— Exercise description —
With no word left out, write out the entire listing.

— Data for the task —
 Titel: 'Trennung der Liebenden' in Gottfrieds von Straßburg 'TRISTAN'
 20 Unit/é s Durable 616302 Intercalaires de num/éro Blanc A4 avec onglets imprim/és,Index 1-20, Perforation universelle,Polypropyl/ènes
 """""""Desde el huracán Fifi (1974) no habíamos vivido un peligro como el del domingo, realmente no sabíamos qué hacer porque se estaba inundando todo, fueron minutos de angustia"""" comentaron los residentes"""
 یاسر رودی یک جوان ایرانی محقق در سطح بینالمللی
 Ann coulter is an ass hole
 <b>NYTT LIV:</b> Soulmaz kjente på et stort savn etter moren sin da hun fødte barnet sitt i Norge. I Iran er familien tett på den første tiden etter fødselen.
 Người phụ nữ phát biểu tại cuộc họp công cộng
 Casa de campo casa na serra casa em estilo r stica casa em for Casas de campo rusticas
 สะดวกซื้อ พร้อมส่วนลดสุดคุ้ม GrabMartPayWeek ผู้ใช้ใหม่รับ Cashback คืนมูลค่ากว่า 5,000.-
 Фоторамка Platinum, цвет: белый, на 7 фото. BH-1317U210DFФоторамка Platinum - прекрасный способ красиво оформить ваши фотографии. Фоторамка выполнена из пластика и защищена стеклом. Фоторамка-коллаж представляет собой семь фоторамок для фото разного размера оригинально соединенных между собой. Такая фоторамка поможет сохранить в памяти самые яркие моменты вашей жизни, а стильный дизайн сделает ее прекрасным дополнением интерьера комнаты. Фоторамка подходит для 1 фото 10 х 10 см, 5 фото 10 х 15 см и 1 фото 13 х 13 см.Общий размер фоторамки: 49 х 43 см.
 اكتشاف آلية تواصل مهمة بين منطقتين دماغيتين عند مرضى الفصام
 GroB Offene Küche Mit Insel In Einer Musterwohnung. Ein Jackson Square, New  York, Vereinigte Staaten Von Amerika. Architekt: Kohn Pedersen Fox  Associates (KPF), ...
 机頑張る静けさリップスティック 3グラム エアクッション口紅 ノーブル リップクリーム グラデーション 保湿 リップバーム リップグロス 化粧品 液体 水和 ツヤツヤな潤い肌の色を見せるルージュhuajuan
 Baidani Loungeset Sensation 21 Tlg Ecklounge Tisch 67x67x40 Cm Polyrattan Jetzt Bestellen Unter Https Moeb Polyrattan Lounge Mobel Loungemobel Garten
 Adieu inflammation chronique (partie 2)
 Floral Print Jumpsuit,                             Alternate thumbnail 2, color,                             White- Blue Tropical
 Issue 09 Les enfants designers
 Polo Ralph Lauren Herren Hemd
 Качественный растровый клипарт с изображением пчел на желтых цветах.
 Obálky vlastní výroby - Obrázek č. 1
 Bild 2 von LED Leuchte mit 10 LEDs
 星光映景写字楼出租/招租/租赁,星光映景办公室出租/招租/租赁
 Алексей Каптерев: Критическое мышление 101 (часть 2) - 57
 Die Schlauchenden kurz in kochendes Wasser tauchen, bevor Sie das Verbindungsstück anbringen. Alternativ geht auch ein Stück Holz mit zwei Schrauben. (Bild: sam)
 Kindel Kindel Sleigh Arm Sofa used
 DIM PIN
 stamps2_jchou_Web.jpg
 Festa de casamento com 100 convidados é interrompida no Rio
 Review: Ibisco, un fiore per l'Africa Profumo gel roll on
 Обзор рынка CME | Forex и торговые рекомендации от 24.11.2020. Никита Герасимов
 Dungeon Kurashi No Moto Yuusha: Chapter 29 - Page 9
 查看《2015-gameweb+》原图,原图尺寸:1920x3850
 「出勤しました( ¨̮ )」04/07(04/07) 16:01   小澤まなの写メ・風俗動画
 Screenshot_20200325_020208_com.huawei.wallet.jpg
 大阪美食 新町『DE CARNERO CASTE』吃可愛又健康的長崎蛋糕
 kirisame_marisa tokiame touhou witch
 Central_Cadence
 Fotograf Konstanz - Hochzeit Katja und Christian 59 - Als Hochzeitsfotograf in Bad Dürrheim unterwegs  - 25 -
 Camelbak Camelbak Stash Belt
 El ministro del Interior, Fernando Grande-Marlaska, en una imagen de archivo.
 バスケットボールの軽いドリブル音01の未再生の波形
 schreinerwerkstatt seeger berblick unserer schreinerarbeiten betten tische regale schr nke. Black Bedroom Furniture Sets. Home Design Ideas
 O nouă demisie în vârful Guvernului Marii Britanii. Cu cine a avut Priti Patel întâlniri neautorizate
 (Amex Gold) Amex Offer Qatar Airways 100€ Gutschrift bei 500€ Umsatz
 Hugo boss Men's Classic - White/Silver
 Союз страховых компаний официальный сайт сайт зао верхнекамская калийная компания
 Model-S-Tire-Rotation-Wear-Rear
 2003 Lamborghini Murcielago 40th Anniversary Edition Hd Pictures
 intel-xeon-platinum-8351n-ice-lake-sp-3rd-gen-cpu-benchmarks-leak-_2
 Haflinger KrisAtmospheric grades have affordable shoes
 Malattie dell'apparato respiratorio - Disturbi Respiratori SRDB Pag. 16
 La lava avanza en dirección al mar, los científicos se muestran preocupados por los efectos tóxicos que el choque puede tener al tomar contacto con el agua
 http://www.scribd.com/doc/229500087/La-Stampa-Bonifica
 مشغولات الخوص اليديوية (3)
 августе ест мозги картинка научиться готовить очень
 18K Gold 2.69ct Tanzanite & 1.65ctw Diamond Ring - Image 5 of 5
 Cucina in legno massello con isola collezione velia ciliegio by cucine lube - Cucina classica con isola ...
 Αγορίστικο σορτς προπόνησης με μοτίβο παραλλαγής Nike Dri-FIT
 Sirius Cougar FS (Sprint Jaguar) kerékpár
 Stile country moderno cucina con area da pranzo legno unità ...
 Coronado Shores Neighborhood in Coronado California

— Answer to the exercise —
 Titel: 'Trennung der Liebenden' in Gottfrieds von Straßburg 'TRISTAN'
 20 Unit/é s Durable 616302 Intercalaires de num/éro Blanc A4 avec onglets imprim/és,Index 1-20, Perforation universelle,Polypropyl/ènes
 """""""Desde el huracán Fifi (1974) no habíamos vivido un peligro como el del domingo, realmente no sabíamos qué hacer porque se estaba inundando todo, fueron minutos de angustia"""" comentaron los residentes"""
 یاسر رودی یک جوان ایرانی محقق در سطح بینالمللی
 Ann coulter is an ass hole
 <b>NYTT LIV:</b> Soulmaz kjente på et stort savn etter moren sin da hun fødte barnet sitt i Norge. I Iran er familien tett på den første tiden etter fødselen.
 Người phụ nữ phát biểu tại cuộc họp công cộng
 Casa de campo casa na serra casa em estilo r stica casa em for Casas de campo rusticas
 สะดวกซื้อ พร้อมส่วนลดสุดคุ้ม GrabMartPayWeek ผู้ใช้ใหม่รับ Cashback คืนมูลค่ากว่า 5,000.-
 Фоторамка Platinum, цвет: белый, на 7 фото. BH-1317U210DFФоторамка Platinum - прекрасный способ красиво оформить ваши фотографии. Фоторамка выполнена из пластика и защищена стеклом. Фоторамка-коллаж представляет собой семь фоторамок для фото разного размера оригинально соединенных между собой. Такая фоторамка поможет сохранить в памяти самые яркие моменты вашей жизни, а стильный дизайн сделает ее прекрасным дополнением интерьера комнаты. Фоторамка подходит для 1 фото 10 х 10 см, 5 фото 10 х 15 см и 1 фото 13 х 13 см.Общий размер фоторамки: 49 х 43 см.
 اكتشاف آلية تواصل مهمة بين منطقتين دماغيتين عند مرضى الفصام
 GroB Offene Küche Mit Insel In Einer Musterwohnung. Ein Jackson Square, New  York, Vereinigte Staaten Von Amerika. Architekt: Kohn Pedersen Fox  Associates (KPF), ...
 机頑張る静けさリップスティック 3グラム エアクッション口紅 ノーブル リップクリーム グラデーション 保湿 リップバーム リップグロス 化粧品 液体 水和 ツヤツヤな潤い肌の色を見せるルージュhuajuan
 Baidani Loungeset Sensation 21 Tlg Ecklounge Tisch 67x67x40 Cm Polyrattan Jetzt Bestellen Unter Https Moeb Polyrattan Lounge Mobel Loungemobel Garten
 Adieu inflammation chronique (partie 2)
 Floral Print Jumpsuit,                             Alternate thumbnail 2, color,                             White- Blue Tropical
 Issue 09 Les enfants designers
 Polo Ralph Lauren Herren Hemd
 Качественный растровый клипарт с изображением пчел на желтых цветах.
 Obálky vlastní výroby - Obrázek č. 1
 Bild 2 von LED Leuchte mit 10 LEDs
 星光映景写字楼出租/招租/租赁,星光映景办公室出租/招租/租赁
 Алексей Каптерев: Критическое мышление 101 (часть 2) - 57
 Die Schlauchenden kurz in kochendes Wasser tauchen, bevor Sie das Verbindungsstück anbringen. Alternativ geht auch ein Stück Holz mit zwei Schrauben. (Bild: sam)
 Kindel Kindel Sleigh Arm Sofa used
 DIM PIN
 stamps2_jchou_Web.jpg
 Festa de casamento com 100 convidados é interrompida no Rio
 Review: Ibisco, un fiore per l'Africa Profumo gel roll on
 Обзор рынка CME | Forex и торговые рекомендации от 24.11.2020. Никита Герасимов
 Dungeon Kurashi No Moto Yuusha: Chapter 29 - Page 9
 查看《2015-gameweb+》原图,原图尺寸:1920x3850
 「出勤しました( ¨̮ )」04/07(04/07) 16:01   小澤まなの写メ・風俗動画
 Screenshot_20200325_020208_com.huawei.wallet.jpg
 大阪美食 新町『DE CARNERO CASTE』吃可愛又健康的長崎蛋糕
 kirisame_marisa tokiame touhou witch
 Central_Cadence
 Fotograf Konstanz - Hochzeit Katja und Christian 59 - Als Hochzeitsfotograf in Bad Dürrheim unterwegs  - 25 -
 Camelbak Camelbak Stash Belt
 El ministro del Interior, Fernando Grande-Marlaska, en una imagen de archivo.
 バスケットボールの軽いドリブル音01の未再生の波形
 schreinerwerkstatt seeger berblick unserer schreinerarbeiten betten tische regale schr nke. Black Bedroom Furniture Sets. Home Design Ideas
 O nouă demisie în vârful Guvernului Marii Britanii. Cu cine a avut Priti Patel întâlniri neautorizate
 (Amex Gold) Amex Offer Qatar Airways 100€ Gutschrift bei 500€ Umsatz
 Hugo boss Men's Classic - White/Silver
 Союз страховых компаний официальный сайт сайт зао верхнекамская калийная компания
 Model-S-Tire-Rotation-Wear-Rear
 2003 Lamborghini Murcielago 40th Anniversary Edition Hd Pictures
 intel-xeon-platinum-8351n-ice-lake-sp-3rd-gen-cpu-benchmarks-leak-_2
 Haflinger KrisAtmospheric grades have affordable shoes
 Malattie dell'apparato respiratorio - Disturbi Respiratori SRDB Pag. 16
 La lava avanza en dirección al mar, los científicos se muestran preocupados por los efectos tóxicos que el choque puede tener al tomar contacto con el agua
 http://www.scribd.com/doc/229500087/La-Stampa-Bonifica
 مشغولات الخوص اليديوية (3)
 августе ест мозги картинка научиться готовить очень
 18K Gold 2.69ct Tanzanite & 1.65ctw Diamond Ring - Image 5 of 5
 Cucina in legno massello con isola collezione velia ciliegio by cucine lube - Cucina classica con isola ...
 Αγορίστικο σορτς προπόνησης με μοτίβο παραλλαγής Nike Dri-FIT
 Sirius Cougar FS (Sprint Jaguar) kerékpár
 Stile country moderno cucina con area da pranzo legno unità ...
 Coronado Shores Neighborhood in Coronado California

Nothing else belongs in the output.